Since all three pieces, the application, and build and deploy cookbooks, are all in one repo, changes to any aspect of the application can easily be found. The coolest thing is that we now tie all changes to the service to a single commit history. This means, if we make a change to the app and a corresponding config change is needed in nginx, we see it all together. It also means that all changes to the app are tracked in one place. Whether we are tracking that a new route was added to the app or that a new header was added via the load balancer, all of the changes are wrapped up neatly in a single log of commits.

Deploying Omnitruck

Chef runs a service called omnitruck that provides information about packages used by chef-client and other tools. The application follows the pattern I outlined above. You can visit the omnitruck repo and browse through the code. Here is a high level overview of what it looks like to ship omnitruck.
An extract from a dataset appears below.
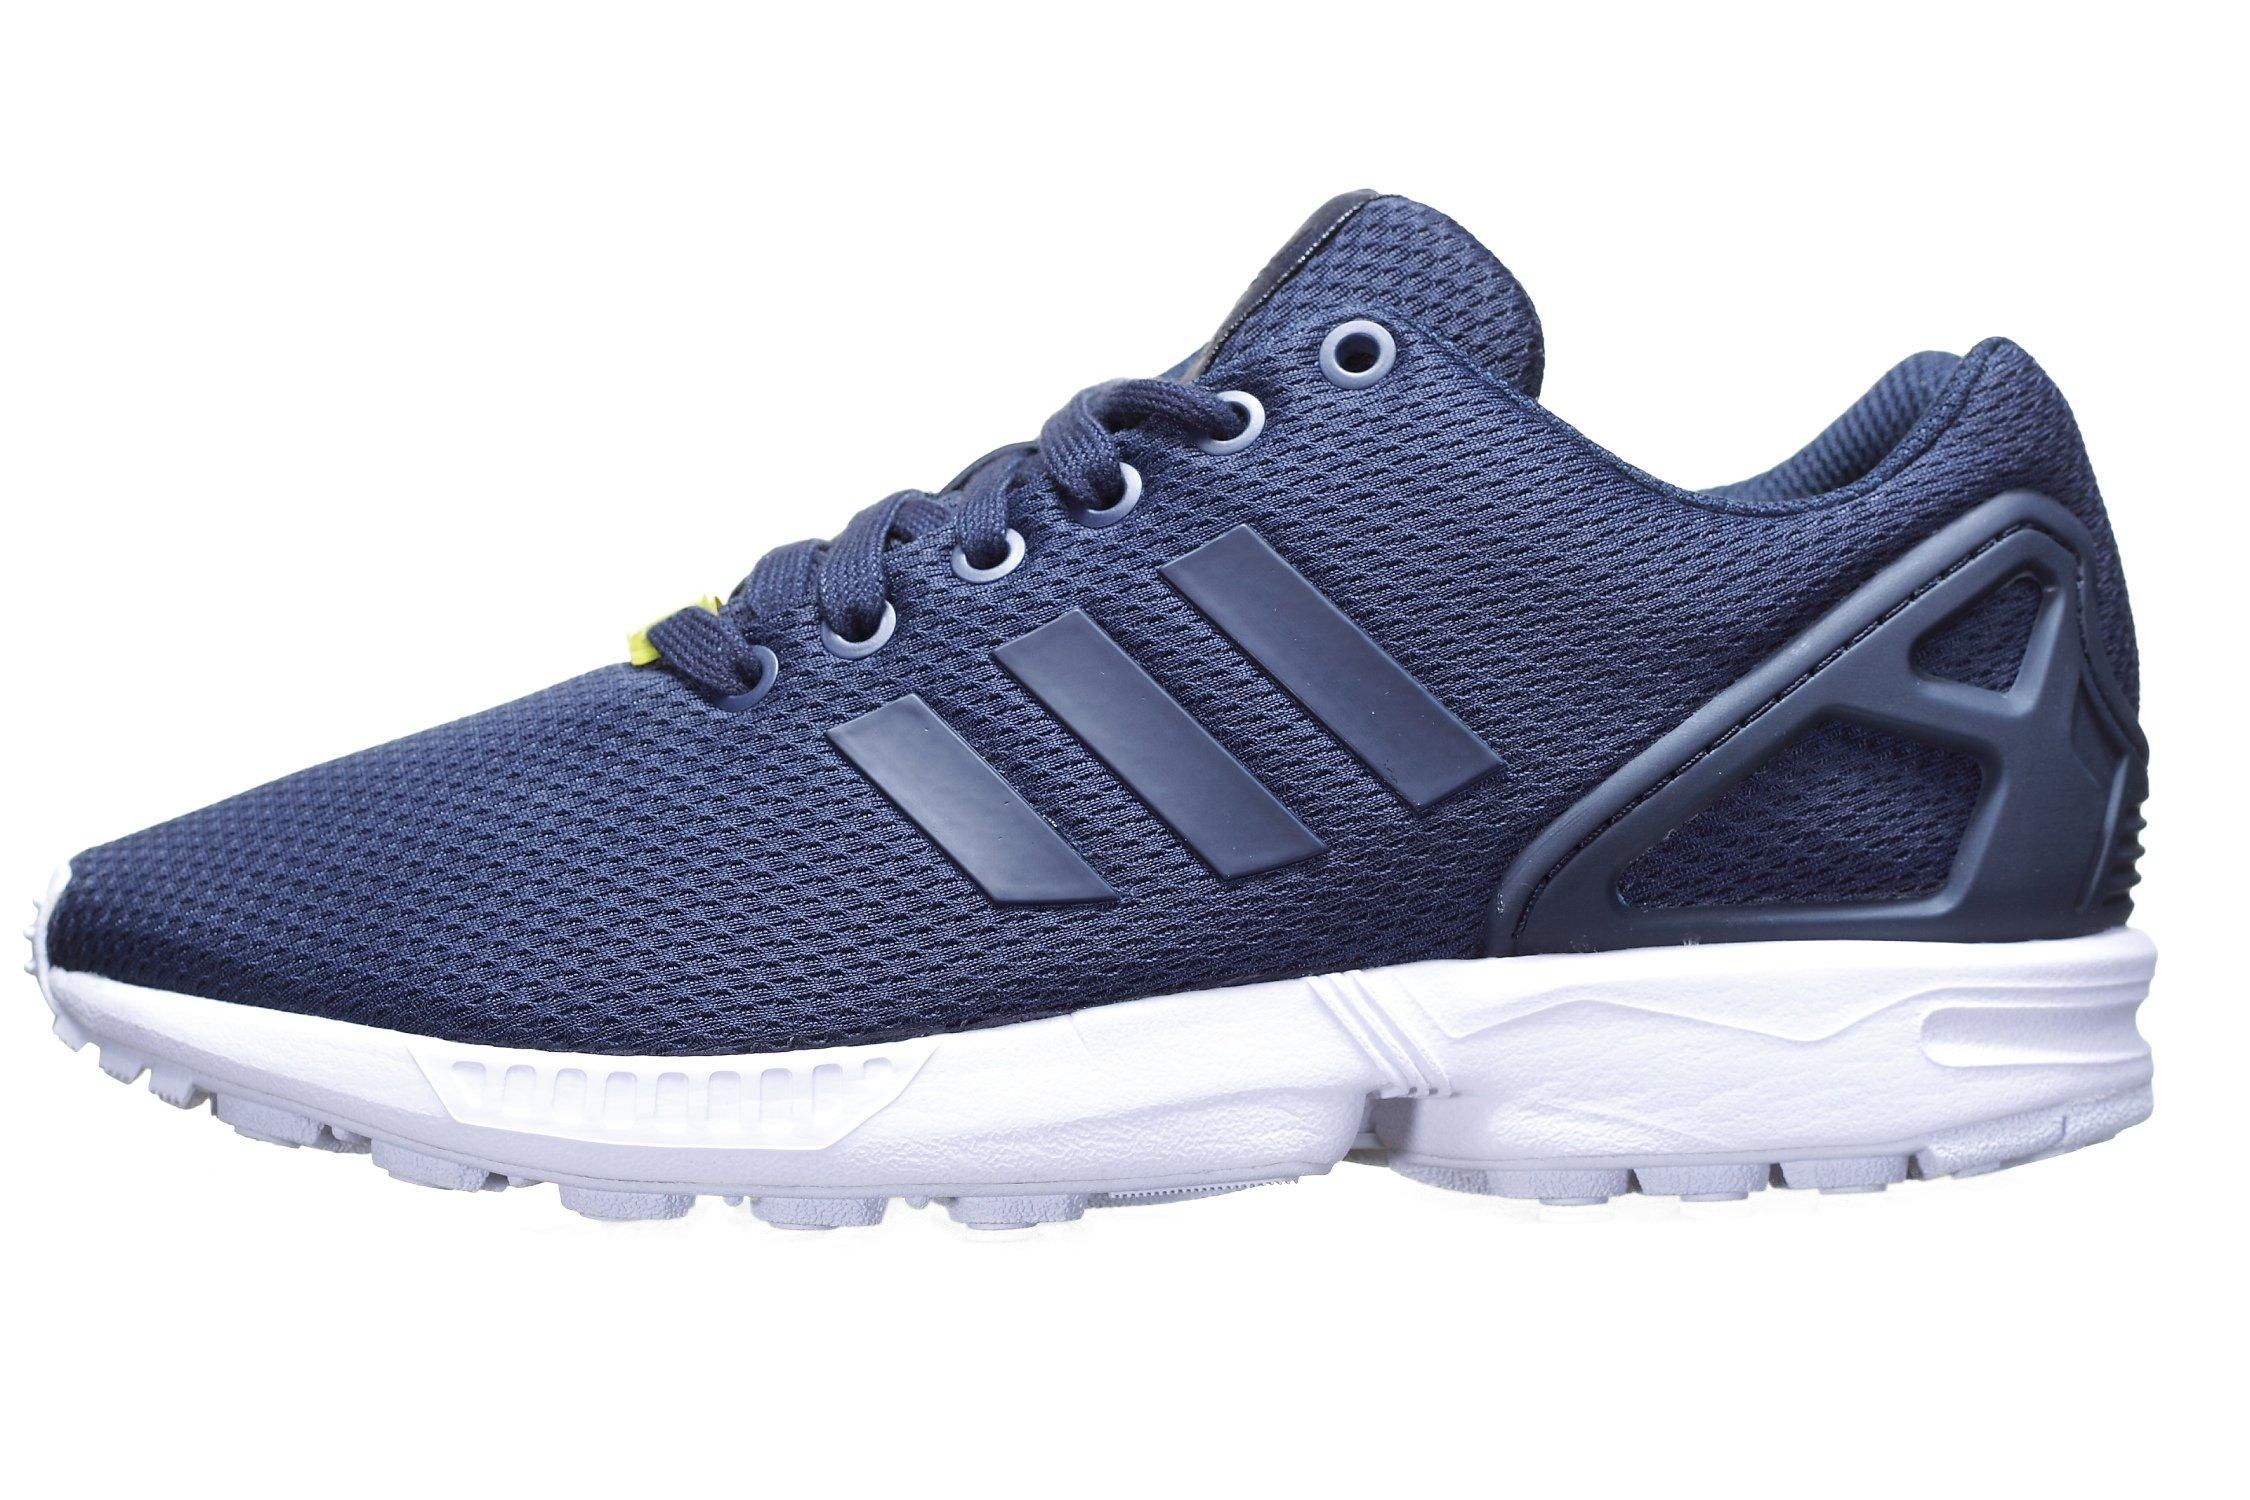 adidas zx flux herren 44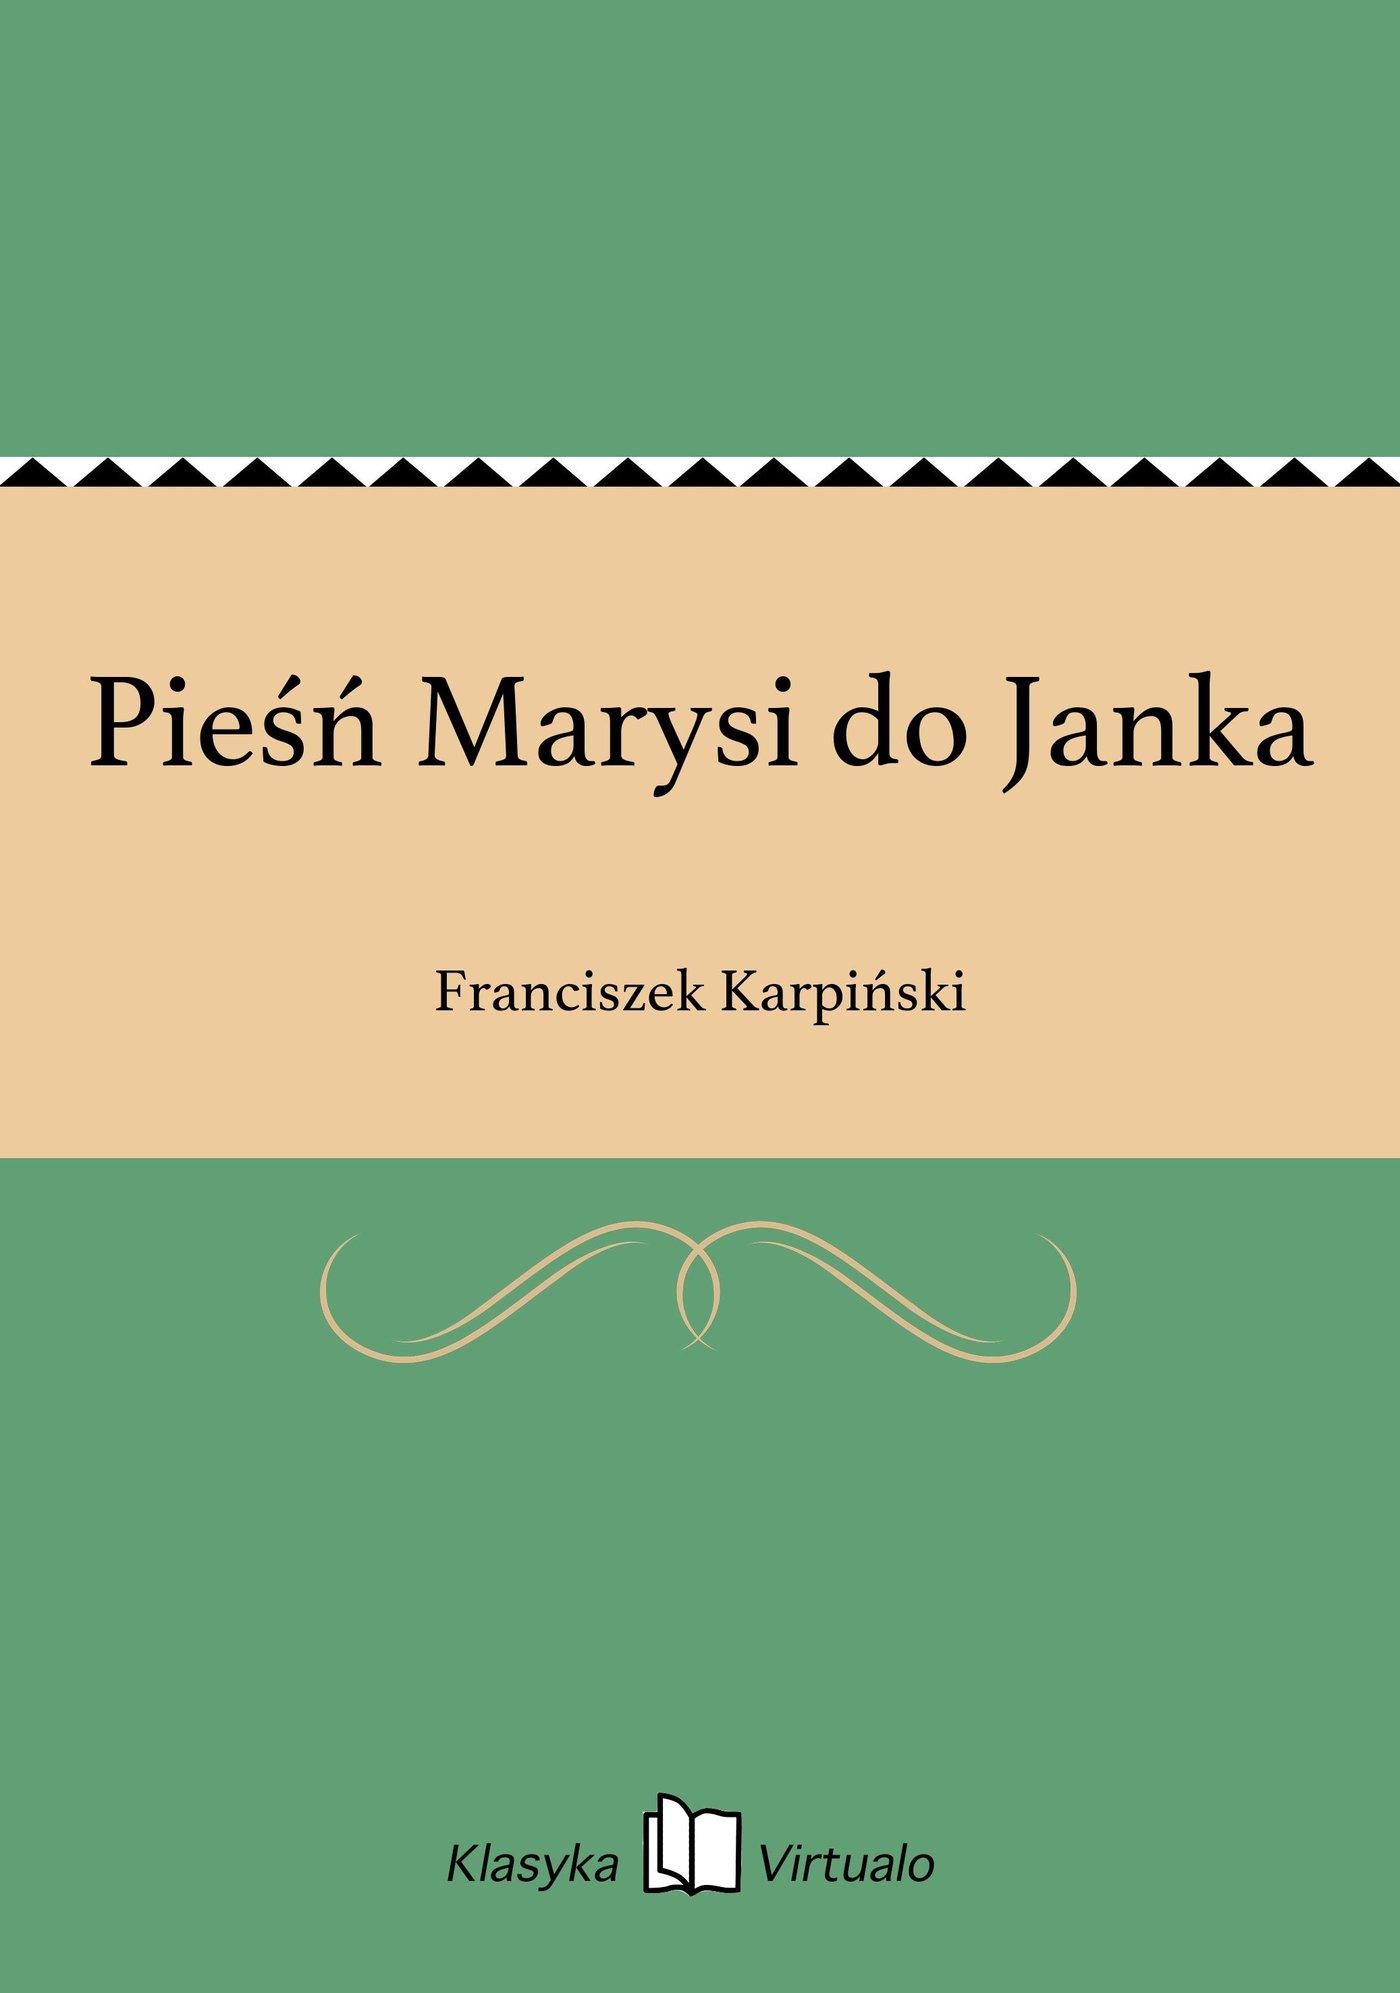 Pieśń Marysi do Janka - Ebook (Książka na Kindle) do pobrania w formacie MOBI

  1. The process starts with someone creating a change, automatically kicking off the verify stage. If it passes, we review the code and approve the change.
  2. From there it heads to build and acceptance. In the build stage, we get a set of deployable artifacts. For omnitruck, it is the deploy cookbook being published to the chef-server and the source code being neatly packaged into a tarball.
  3. The fun really begins in the acceptance stage where we start standing stuff up. We provision an ELB, a set of EC2 instances, some CDN config, and some DNS entries.
  4. Still in the acceptance stage, we next use the deploy cookbook, which comes from the chef-server, to deploy omnitruck to the EC2 instances. If the chef-client run completes successfully on the EC2 instances, we flush the cache on the CDN.
  5. Smoke and functional tests then run to ensure that we are good to go.
  6. In union, we do it all over again, except, that we rerun the Union phase of each of the consumer projects, which are other projects that have declared a dependency on the service we are shipping. For example, while you can't see it in the omnitruck repo, there is a project called chef-web-ocfrontend which defines the nginx instances that support www.opscode.com. That service depends on omnitruck so we verify that it didn't get broken in this process.
  7. From there, we move on to the rehearsal stage and the delivered stage which makes the project live.

Conclusion

As I watch Delivery mature, I am amazed at how awesome the workflow has become. While the product Delivery is closed source, the delivery-cli, which handles the actual running of code is freely available for download.